The Washington PostDemocracy Dies in Darkness

Opinion There’s a remedy for Britain’s problems: Rejoin the E.U.

The E.U. and British flags behind broken glass in an illustration. (Reuters/Dado Ruvic)
5 min

This week marked the third anniversary of Brexit, and it coincided with a grim verdict from the International Monetary Fund: This year, the British economy will do worse than all of the world’s major economies — including Russia. The 2016 vote to leave the European Union marked the symbolic start of the wave of populism that has been coursing through much of the Western world ever since. It was a conscious choice by a major country to have poorer economic relations with its largest market. (In 2021, the European Union took in around 42 percent of British exports.) British voters thus put nationalism and politics above economics.

On virtually every measure, from business investment to exports to employment, Britain is falling behind its peers. Think tank scholar John Springford put it simply: “If you impose barriers to trade, investment and migration with your biggest trading partner (EU), then you’re going to have quite a big hit to trade volumes, and to investment and to GDP.” Everywhere you look, Britain is feeling the pinch, from a shortage of workers to small companies struggling to send their goods into Europe to reduced traffic on the Eurostar train between Britain and Europe. Bloomberg Economics estimates that British GDP would be 4 percent higher had it stayed in the European Union.

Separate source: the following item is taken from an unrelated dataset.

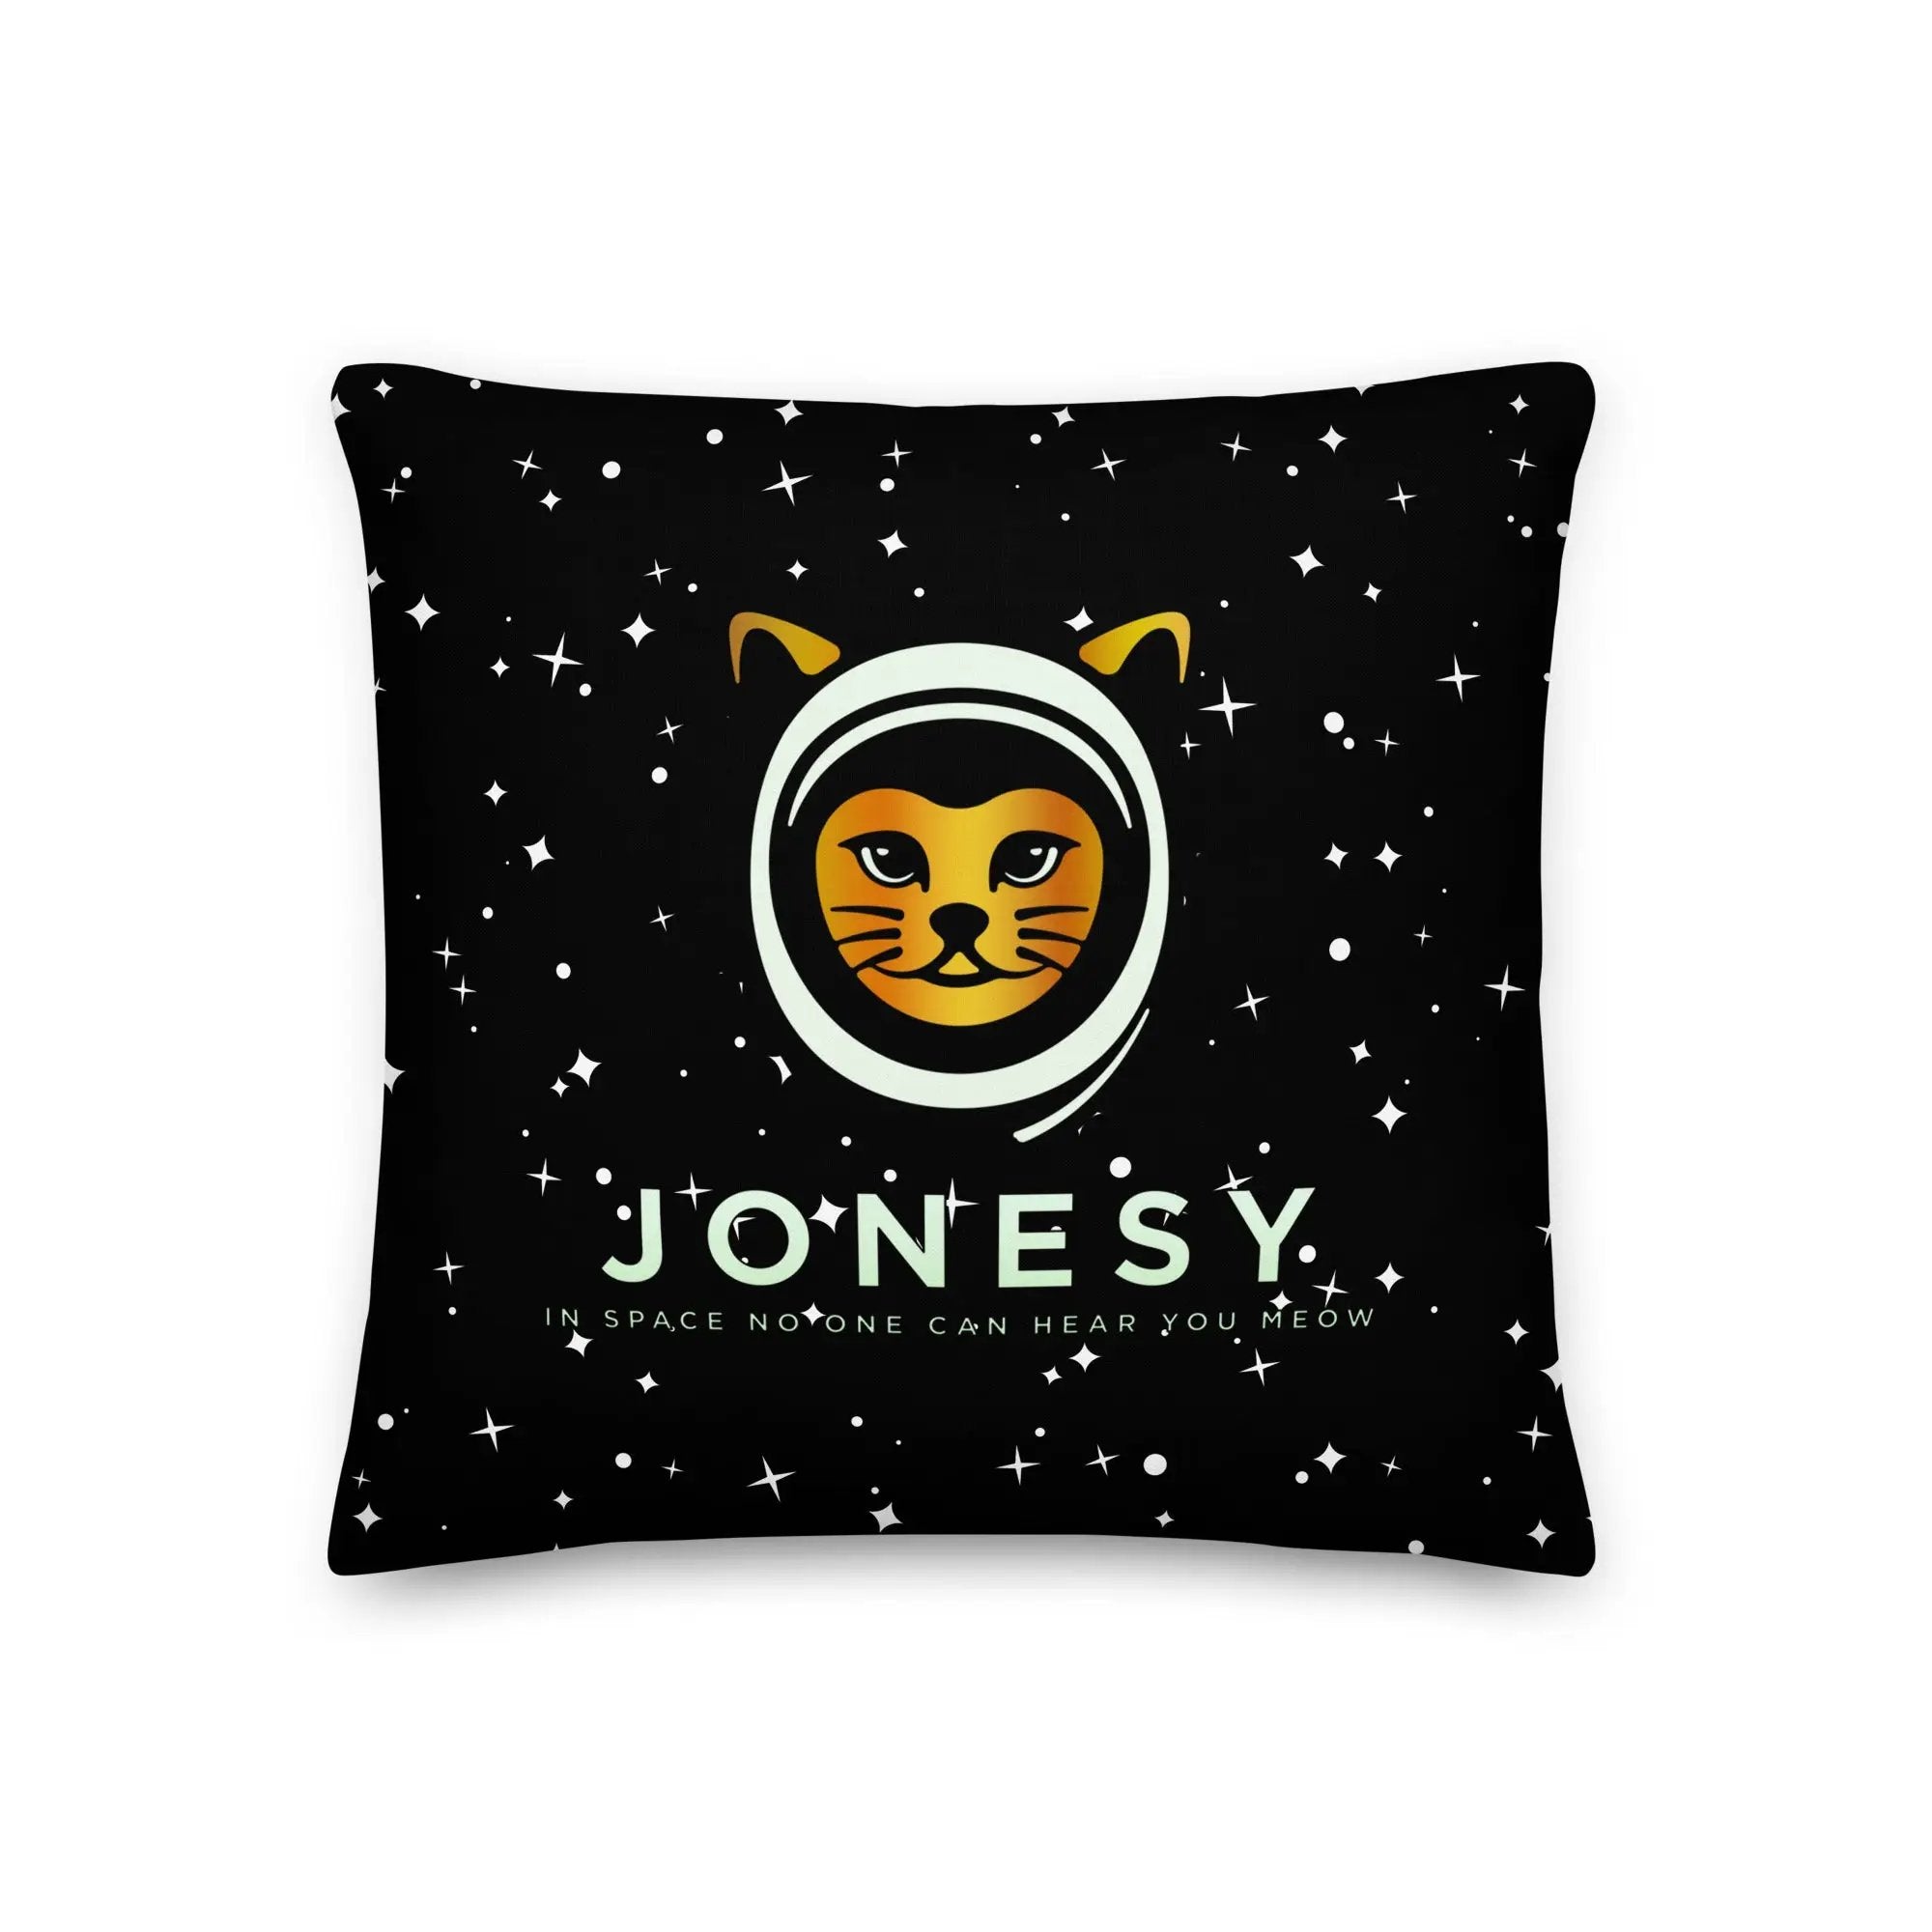 Jonesy Premium Pillow

Britons know they were conned. According to one survey, a clear majority now believe that leaving the European Union was a bad idea, and almost two-thirds want a future referendum on rejoining. The current prime minister, Rishi Sunak, was a Brexiteer himself and continues to mouth platitudes about its virtues — while he faces a series of crises that has in part been generated by Brexit. Even now, Britain has not resolved how it will handle the border between itself and European Union member Ireland — which could further derail economic growth.

Brexit was part of a broader collapse of British confidence. After the global financial crisis of 2008, British productivity turned downward sharply and has never recovered. Austerity policies made things worse as Tory governments slashed public spending, widening inequality and heightening general anxiety. As always, when times get tough, it is easy to blame foreigners, and opportunistic politicians such as Boris Johnson did just that, promising that Brexit would cure all the evils that faced the country and lying about the costs and benefits. Johnson’s fantasies of a lean and productive “Global Britain” that, once unshackled by Brexit, would become a kind of Singapore-on-Thames have gone nowhere. In fact, Britain now spends more on its welfare state, faces strikes across many crucial sectors and is experiencing deepening wage stagnation. According to Financial Times reporter John Burn-Murdoch, if things continue this way, the average British family will be poorer than the average Slovenian family by the end of next year.

The effects go beyond economics. Over the years, I have listened to every prime minister from Margaret Thatcher through David Cameron. They varied in political philosophy but all had an ambitious conception of Britain’s role in the world. Though they acknowledged that Britain would never be a superpower like the United States or China, they envisioned it as an energetic, engaged global player that cared deeply about the world. Britain had a powerful voice in the European Union as one of its three biggest economies; it also enjoyed special status thanks to its U.N. veto, its close relations with Washington, and its impressive armed forces. Most important, it had a long tradition of generating ideas and agendas on global issues — rooted in its legacy as a liberal, free-trading country with deep historical ties around the world. It had a voice that was heard everywhere and listened to seriously.

But over the past decade, defense spending has stagnated while funds for the foreign service, foreign aid and even the BBC have been cut in real terms. With Brexit, even the rhetoric about a larger role collapsed, as politicians ran away from anything that seemed too global. Now British prime ministers rarely speak to the international media — and when they do, they have nothing to say. Britain has become a middling island nation isolated off the coast of Europe, without the heft to matter on its own or to set the agenda in its partnerships. Even Washington has little time for a country that is not even part of the E.U. As journalist Neal Ascherson once feared, Great Britain has become Little England.

There is a remedy that would restore British growth, enlarge the country’s ambitions and return it to a central place in shaping a new world of great power competition. It would, of course, require that Britain return to the European Union.

Rishi Sunak is looking for a way to make a mark and turn Britain’s fortunes around. He has the solution staring him in the face. He just needs the courage to grab it.